Redundant Specifications

So after my two posts on XSPF and some public discussion in the comments, I took the conversation with Lucas offline in hopes of getting a better understanding about the thought process that went into the spec. Unfortunately, Lucas has reacted as if I called his baby ugly and we got nowhere. Needless to say, I still believe that XSPF is completely redundant because it is nearly semantically identical to RSS.

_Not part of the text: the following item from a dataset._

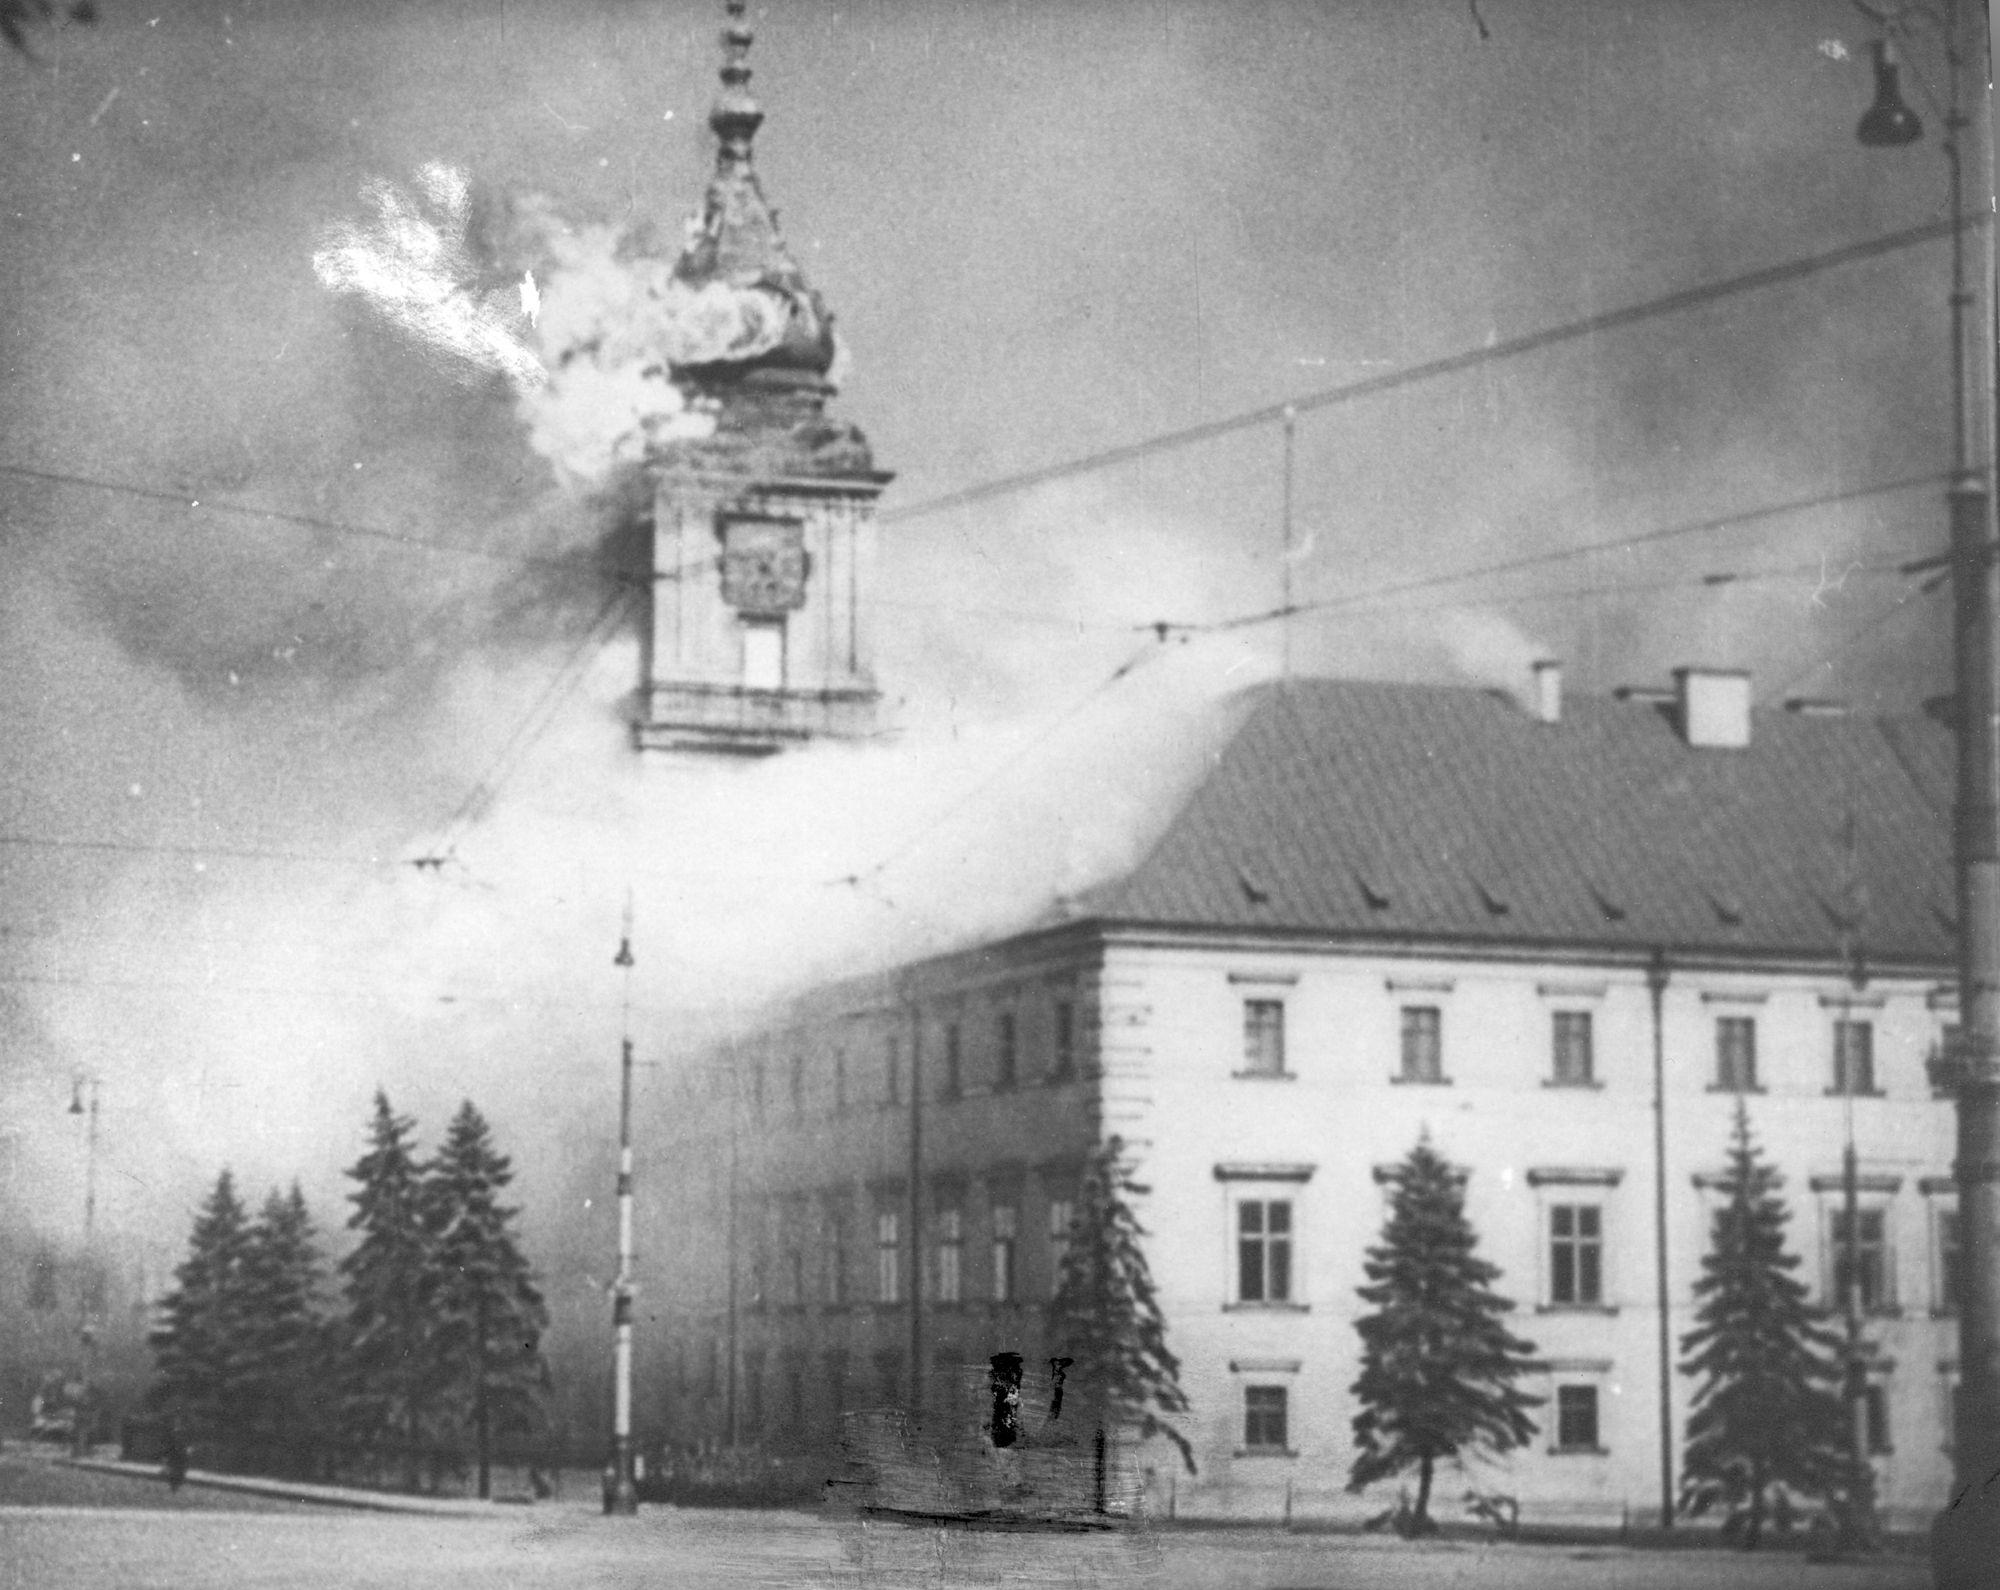 Płonący Zamek Królewski w Warszawie po ostrzale przez artylerię niemiecką, 17 września 1939 r. (fot. Wikimedia.org / Domena publiczna)

To demonstrate, here’s a list of every playlist element from the XSPF version 1 spec and how it maps to channel elements from RSS version 2.

  • /playlist/title -> /rss/channel/title
  • /playlist/creator -> /rss/channel/managingEditor
  • /playlist/annotation -> /rss/channel/description
  • /playlist/info -> /rss/channel/link
  • /playlist/image -> /rss/channel/image
  • /playlist/date -> /rss/channel/pubDate
  • /playlist/license -> /rss/channel/copyright
  • /playlist/location -> create custom element
  • /playlist/identifier -> create custom element
  • /playlist/attribution -> create custom element
  • /playlist/link -> No need in RSS
  • /playlist/meta -> No need in RSS
  • /playlist/extension -> No need in RSS

That’s a pretty close match. There are a few things we need extensions for to represent in RSS, but nothing major. BTW, from what I can tell, the reason XSPF has link, meta and extension elements is for extensibility purposes. RSS supports an extremely flexible extensibility model already, so there’s no need for the XSPF specific extensibility elements.

Here’s the mapping of track elements in XSPF to item elements in RSS.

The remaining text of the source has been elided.